UK Interest Rates Drop to 1%

interest rate cut

The Bank of England cut interest rates to 1%.

Before the decision there was much conjecture whether interest rates would be frozen or cut.

The Federation of Small Businesses (FSB) was amongst those that favoured the rates to be kept on hold.

It argued that what was needed was improved access to capital.
A survey of its members found that 63% wanted rates to remain at their current level, compared with only 24% who wanted a further cut.

Talking to the BBC, FSB national chairman John Wright said

“These figures suggest that the recent interest rate cuts are not having the desired effect and other means of economic stimulus are required.”

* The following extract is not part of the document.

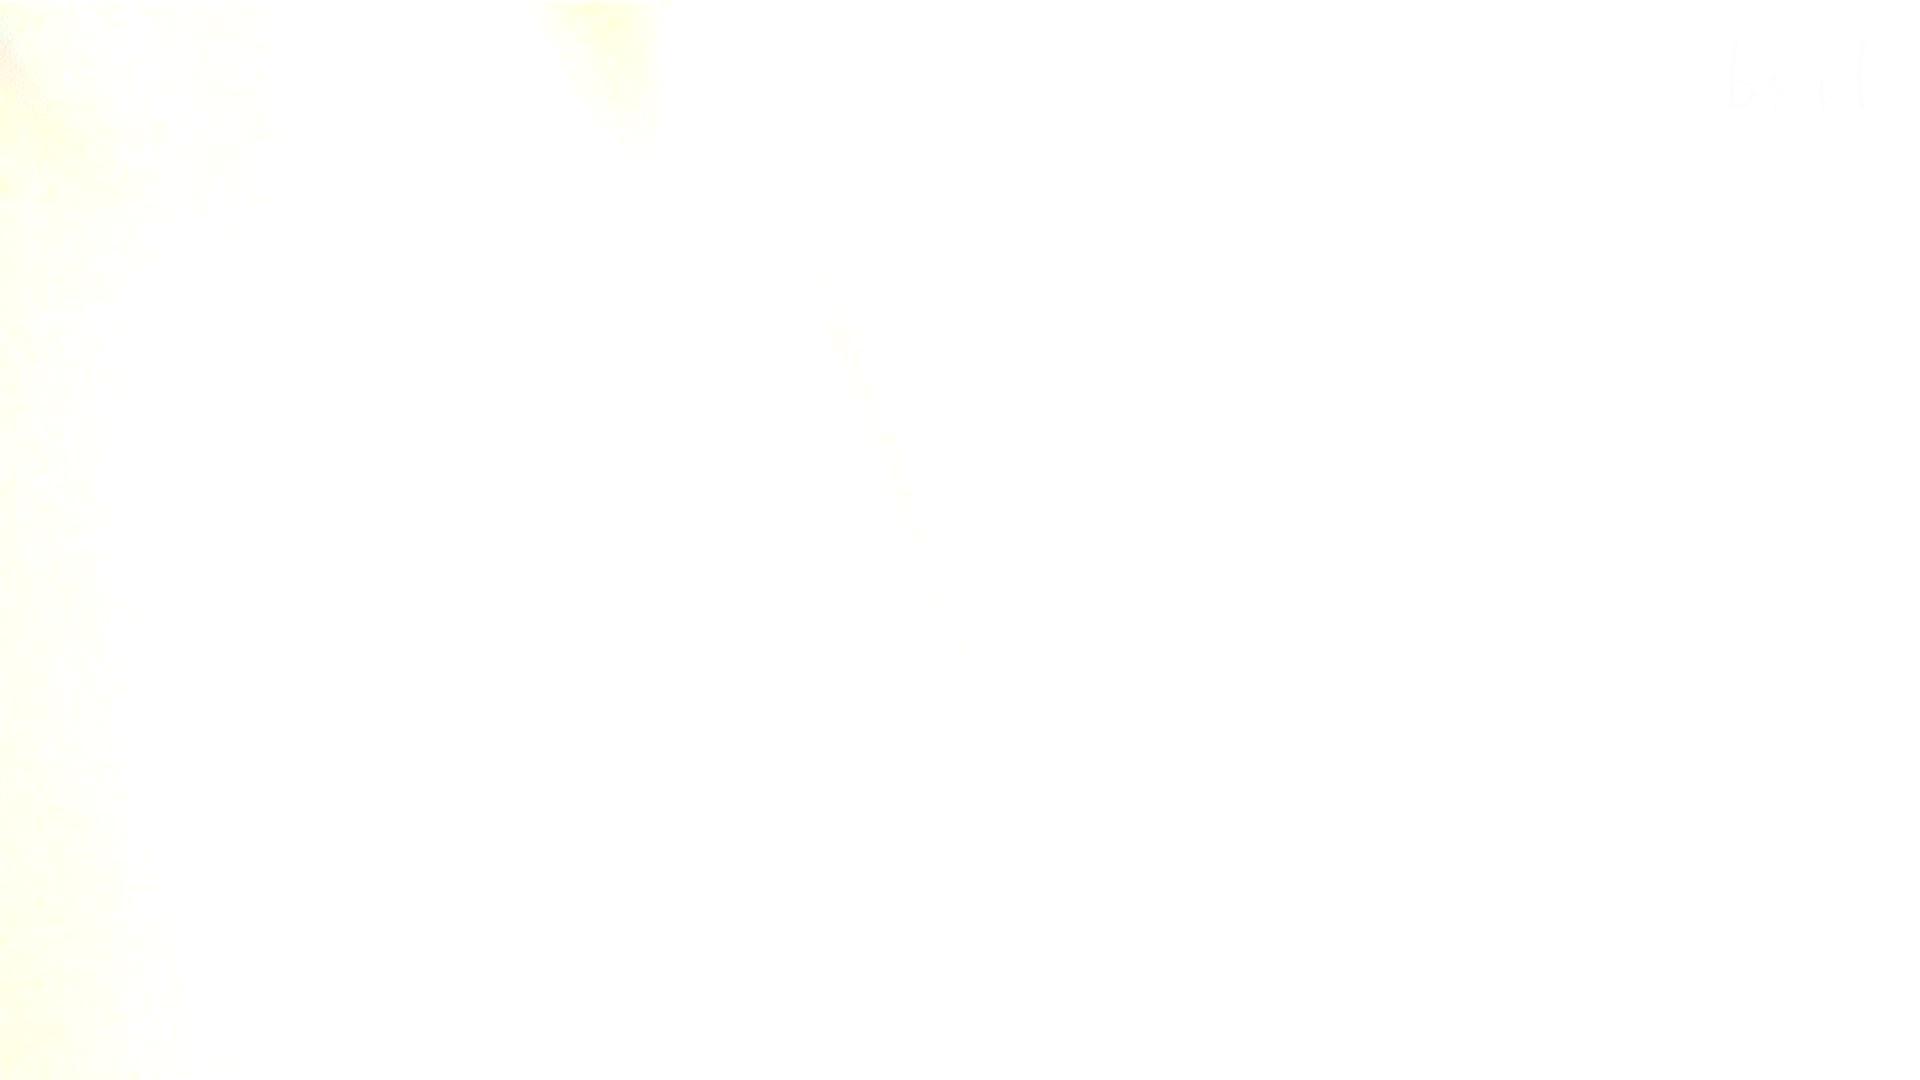 ナースのお小水 vol.001 ギャルの下半身 | ナースのエロ生活  93連発 10

Echoing these comments, Andrew Sandiford – Partner at the progressive accounting firm Target – said:

“Any further reduction is to be welcome, assuming it gets to business customers.

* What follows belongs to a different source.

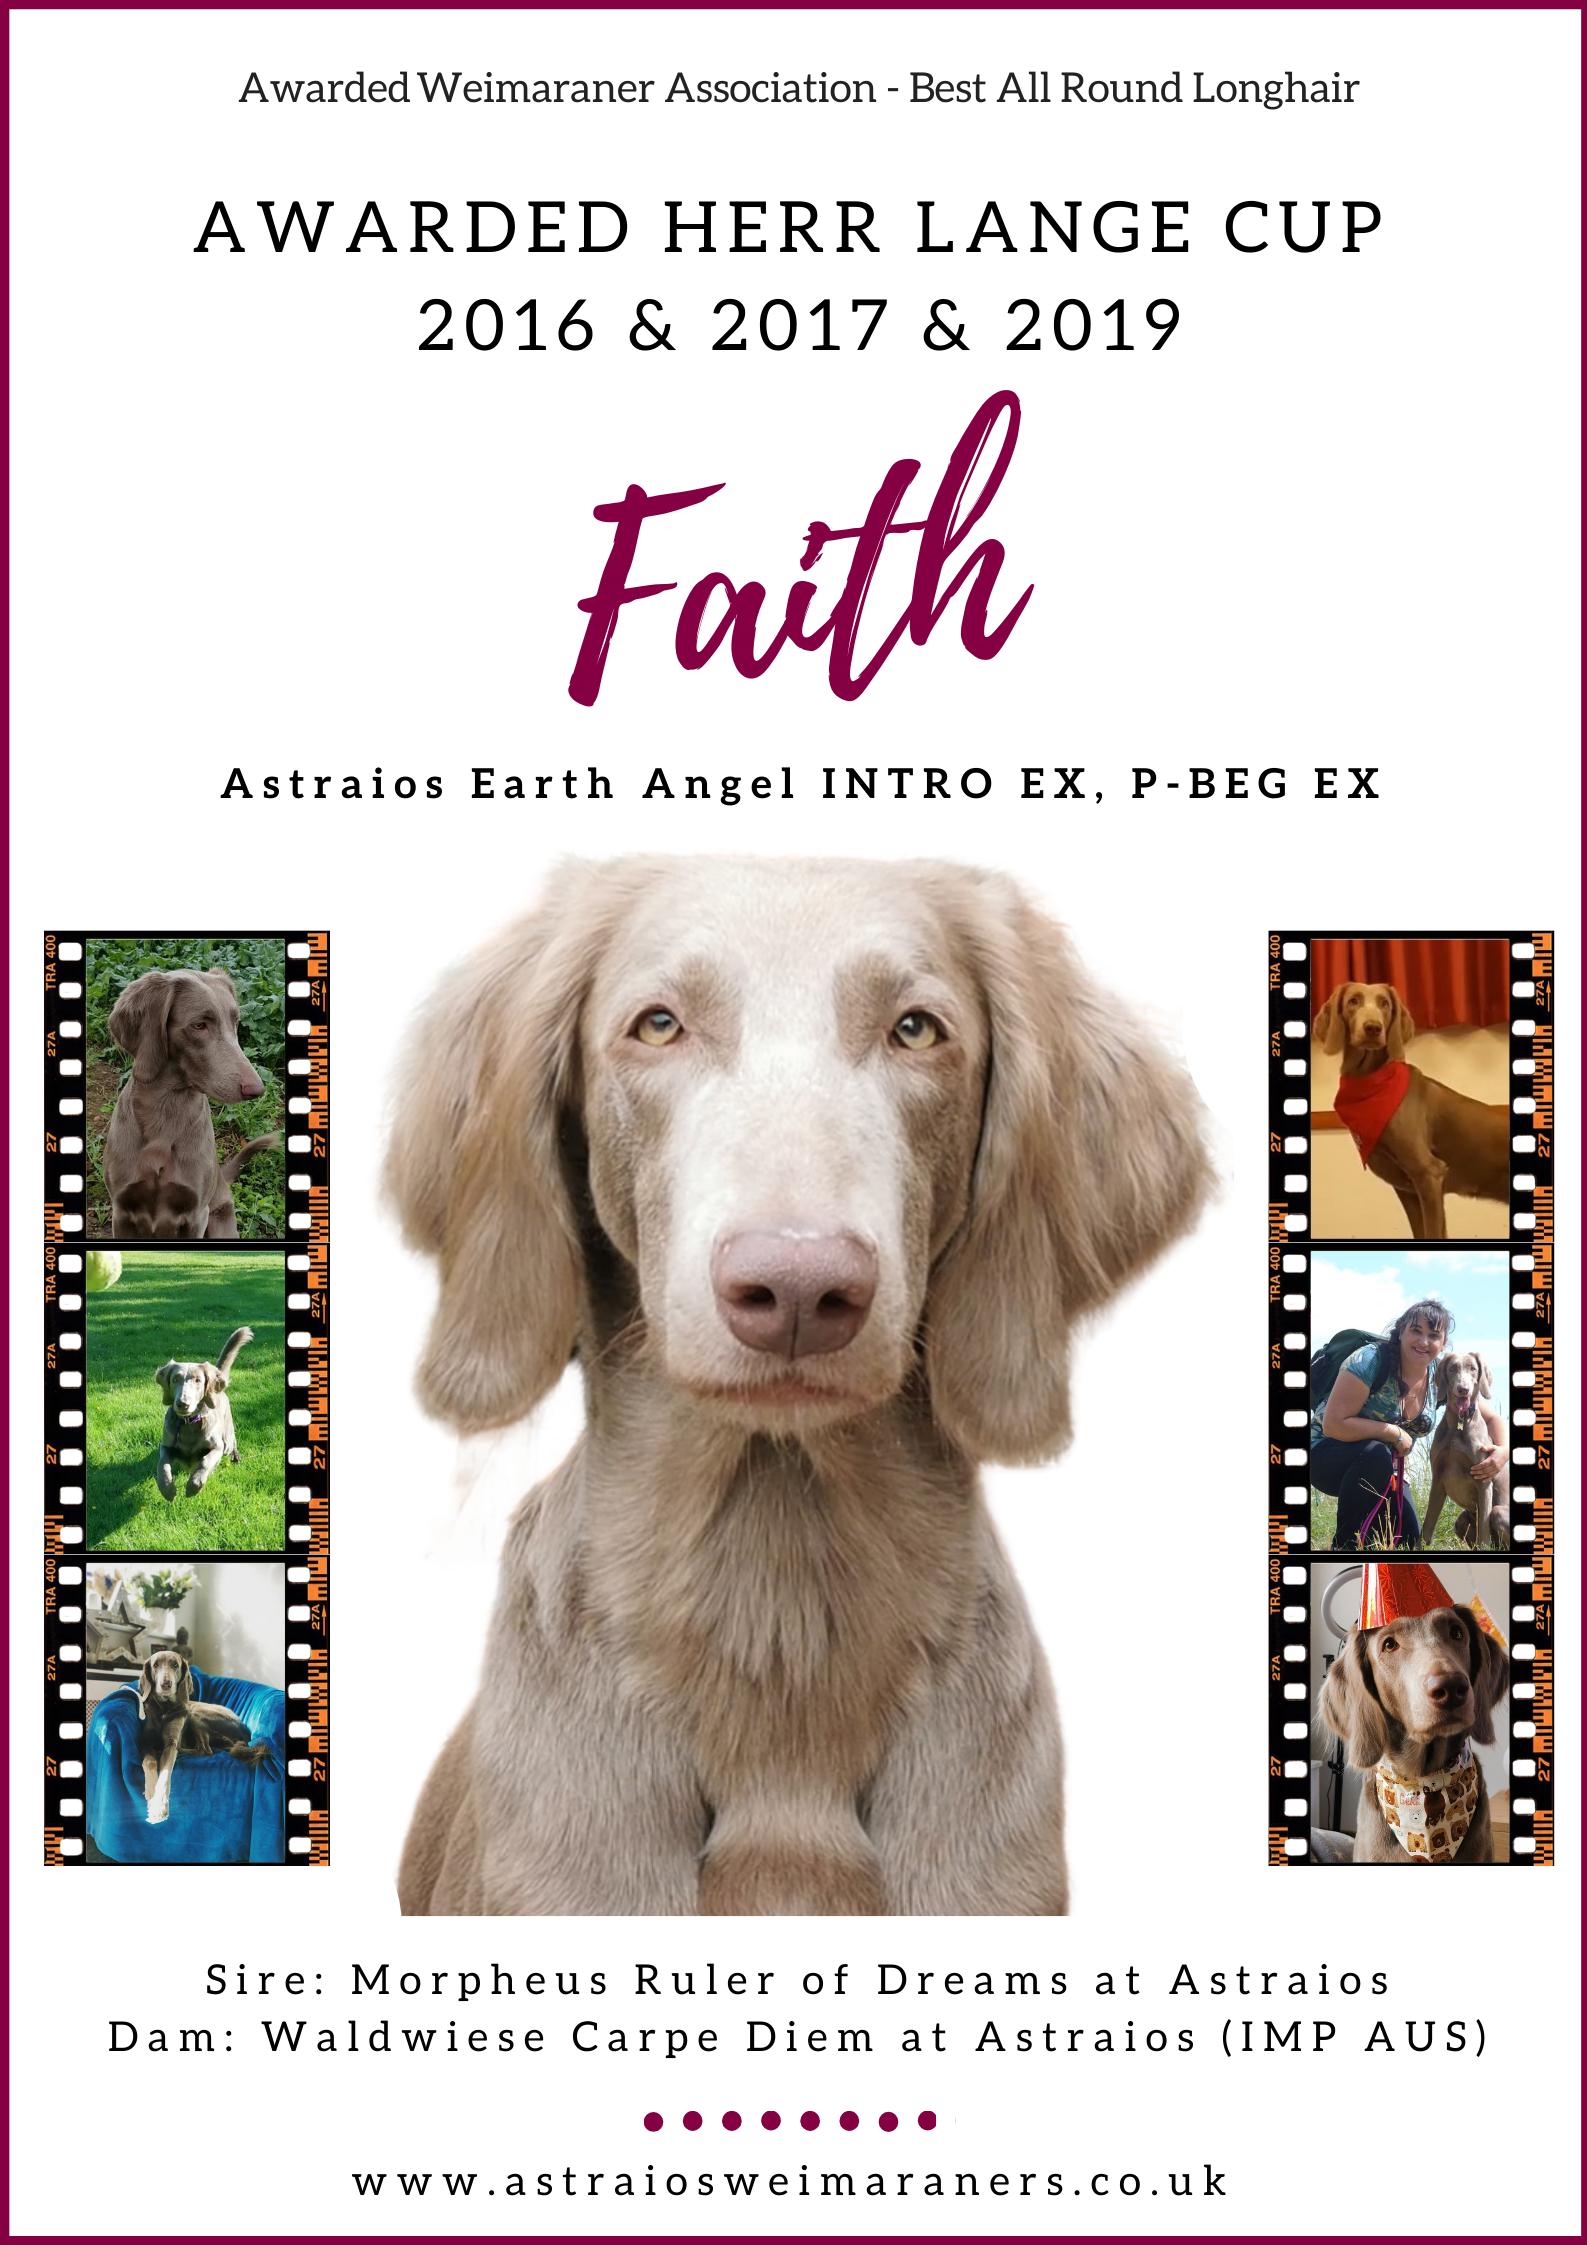 Herr Lange Cup 2019 – Faith (Astraios Earth Angel P-BEG EX)

However, the rate is no longer the key issue. What matters is availability of credit, at a sensible price without unrealistically onerous covenants. It is now time for Government rhetoric to filter through the bank branches and into the real SME economy.

Isn’t it about time that the government started to show the tax payer what they are getting for there stake in the banks?”

We see lower interest rates provide the following opportunities for SMEs;

  • Re-capitalisation. Don’t be shy to go and see you bank and look to re-capitalise your business. With low rates, you can inject some cash, solve some problems, buy time, possibly even gain a competitive advantage.
  • Switch debt. If you are carrying credit card debt on high finance rates or vehicles on other short term finance that is fixed at high rates, perhaps consolidating your debt into a longer term position with low interest rates will help ease cash flow in the short term.

As we are in uncertain times, you really need to know your cash position and keep a very close eye on your cashflow. Do your bank reconciliation daily. Check and chase down your debtors daily by sending them statements and calling them.

If you are planning a visit to your Bank Manager to adjust your lending structures, then show him/her Xero and run through the reports.  This will help provide confidence that you know your numbers.


Mark Johnstone - Argents
February 6, 2009 at 10:38 pm

There comes a point, and to be honest I thought we were there before yesterday, where interest rate cutting will have no more effect on the people’s expectations and perceptions. Everyone thinks things are bad at the moment therefore they are. The unprecedented level of uncertainty in the UK and world economies highlighted by the business failures of banks and other financial institutions has everybody very worried. In that climate we are not going to spend money unless it is essential, we are not going to look to borrow money now even though it is, by historical standards, very cheap when we would rather wait and see how things develop over the next 12 months or so. And of course banks will only be willing to lend money to businesses in significant enough volumes to stimulate growth and activity once they feel comfortable lending to and from each other again and this will take some time. To my mind this is where government should be concentrating their efforts to try to ensure banks and other lenders start behaving in the way they were always intended to.

Martin Gatehouse
February 10, 2009 at 12:28 am

A big reason for cutting interest rates is to stimulate consumer spending in order to stave of deeper recession.

Unfortunately it takes time to work through as a significant proportion of morgage borrowers are tied into fixed rate deals.

More-over, the intra-bank lending rate is preventing some of the falls from being passed onto borrowers with variable/tracker deals.

However, I am convinced that consumer spending is positively affected by the rate cuts.

The key factor in 2009 will be unemployment levels and the ‘fear factor’ of losing jobs. Until that settles, things will be tough genrally.